-- DATA follows --
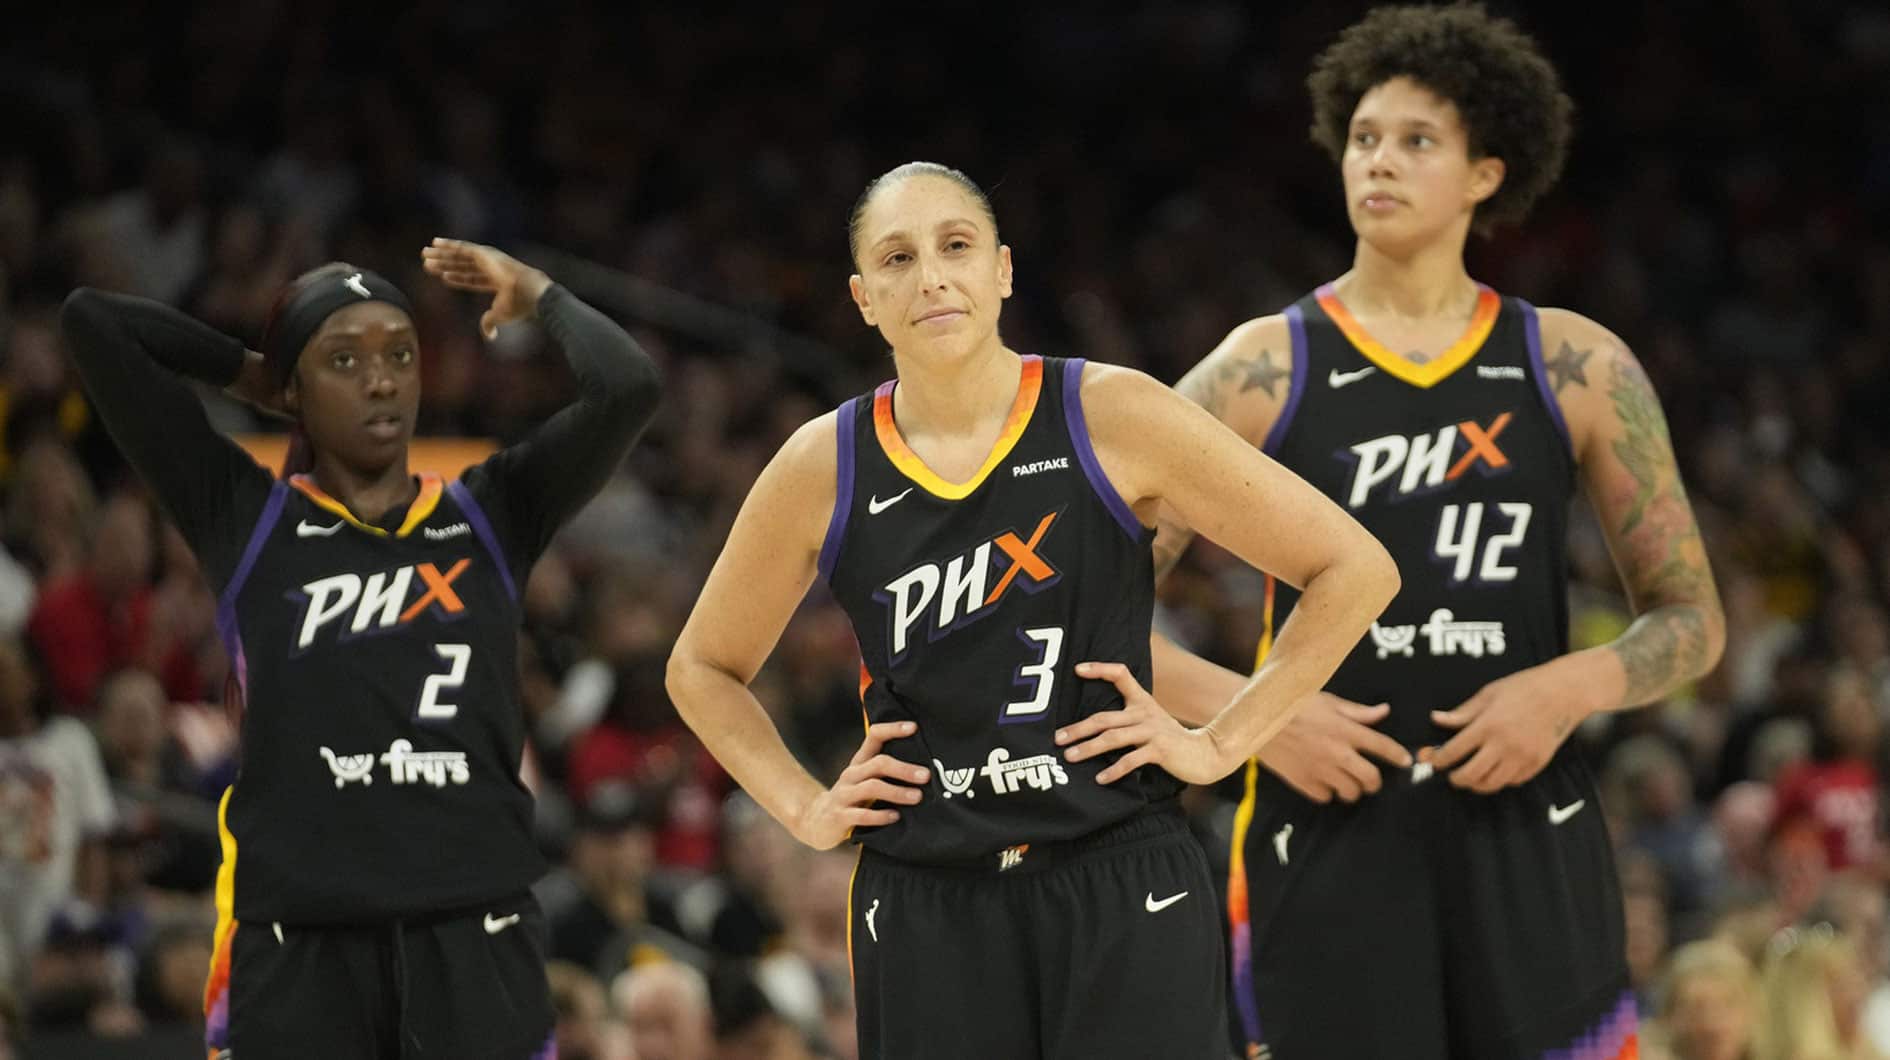 Phoenix Mercury guards Kahleah Copper (2) and Diana Taurasi (3) and center Brittney Griner (42) wait for free throws during the fourth quarter against the Indiana Fever at Footprint Center.
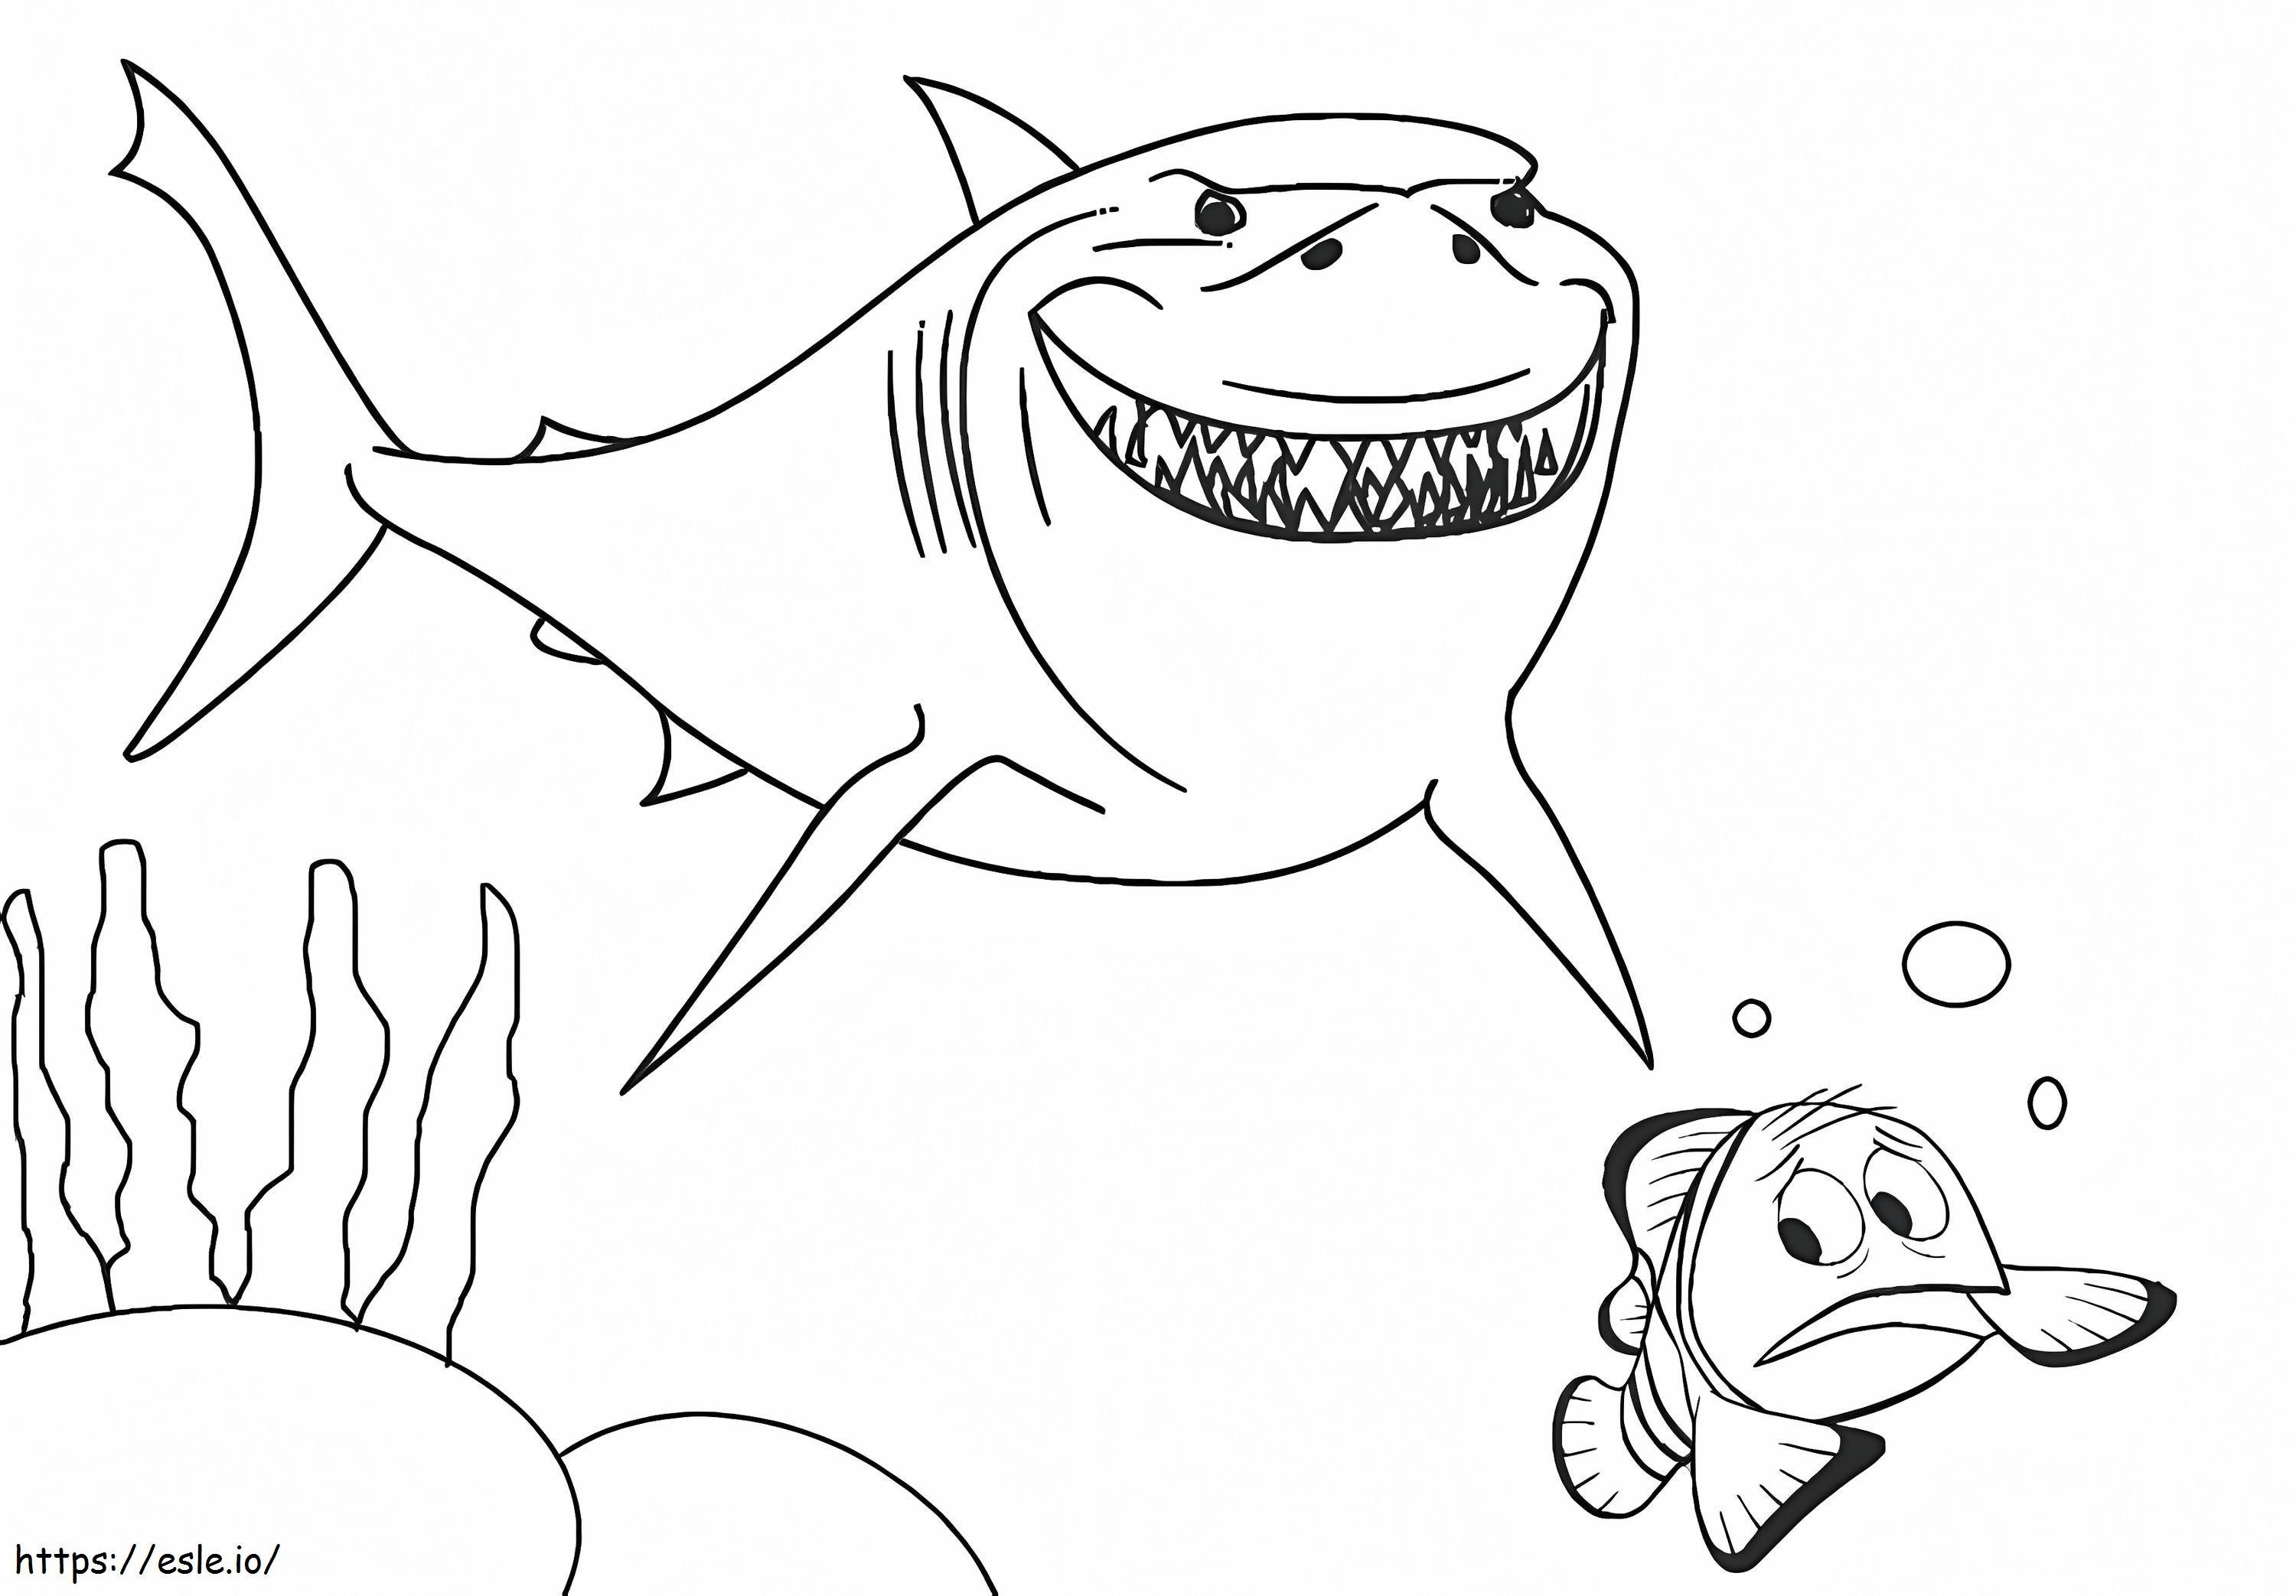 Shark And Nemo coloring page
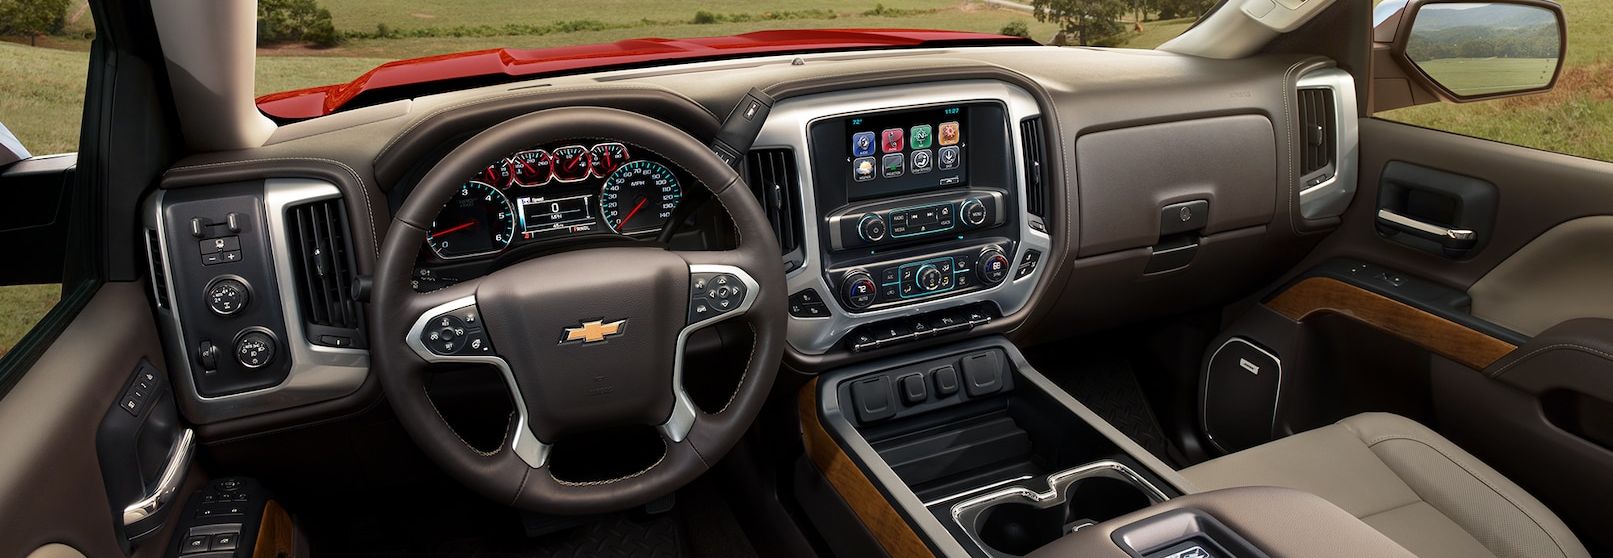 2019 Chevrolet Silverado 1500 For Sale In Youngstown Oh
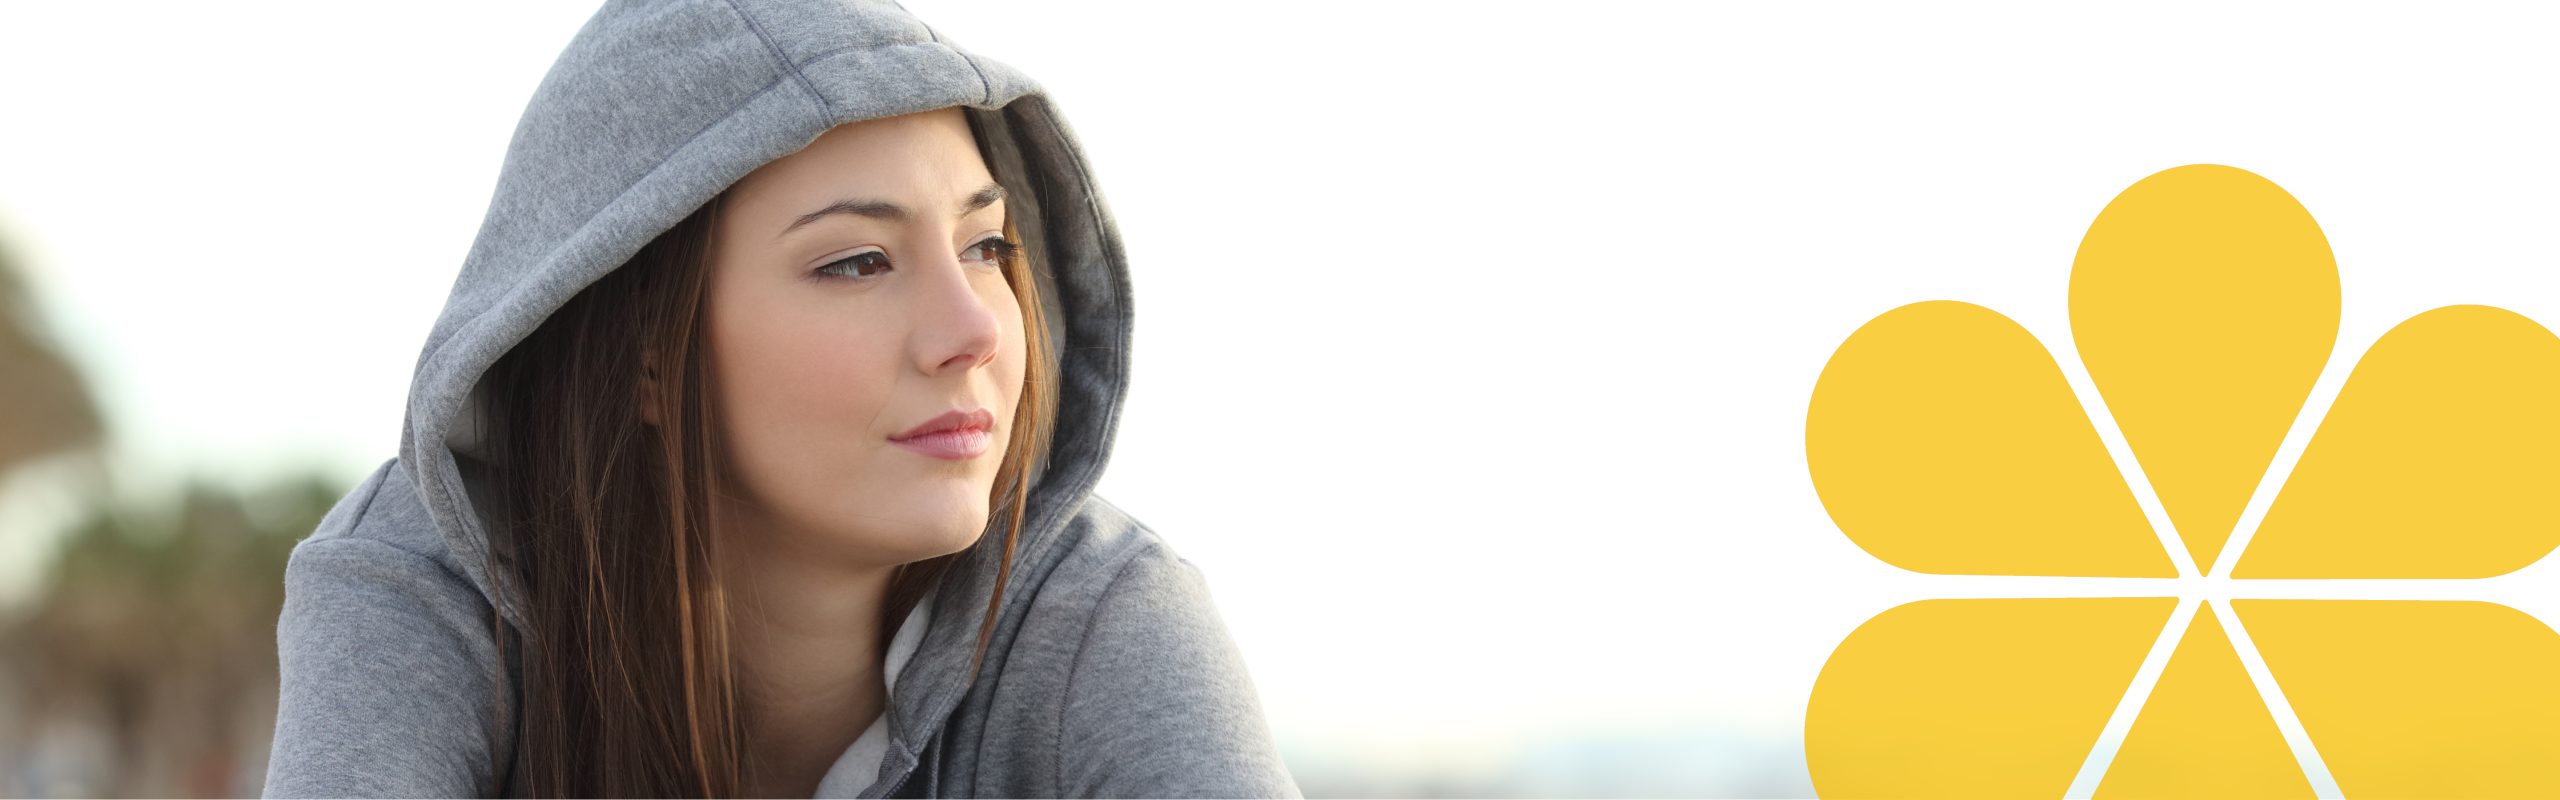 Girl with a hoody on looking into the distance. She looks like she is thinking.
-- DATA concluded --
### WHAT TO PRODUCE
Every word of the material, and none of its pictures, should be set down again.

### OUTPUT OF THE EXERCISE
 Phoenix Mercury guards Kahleah Copper (2) and Diana Taurasi (3) and center Brittney Griner (42) wait for free throws during the fourth quarter against the Indiana Fever at Footprint Center.
 Shark And Nemo coloring page
 2019 Chevrolet Silverado 1500 For Sale In Youngstown Oh
 Girl with a hoody on looking into the distance. She looks like she is thinking.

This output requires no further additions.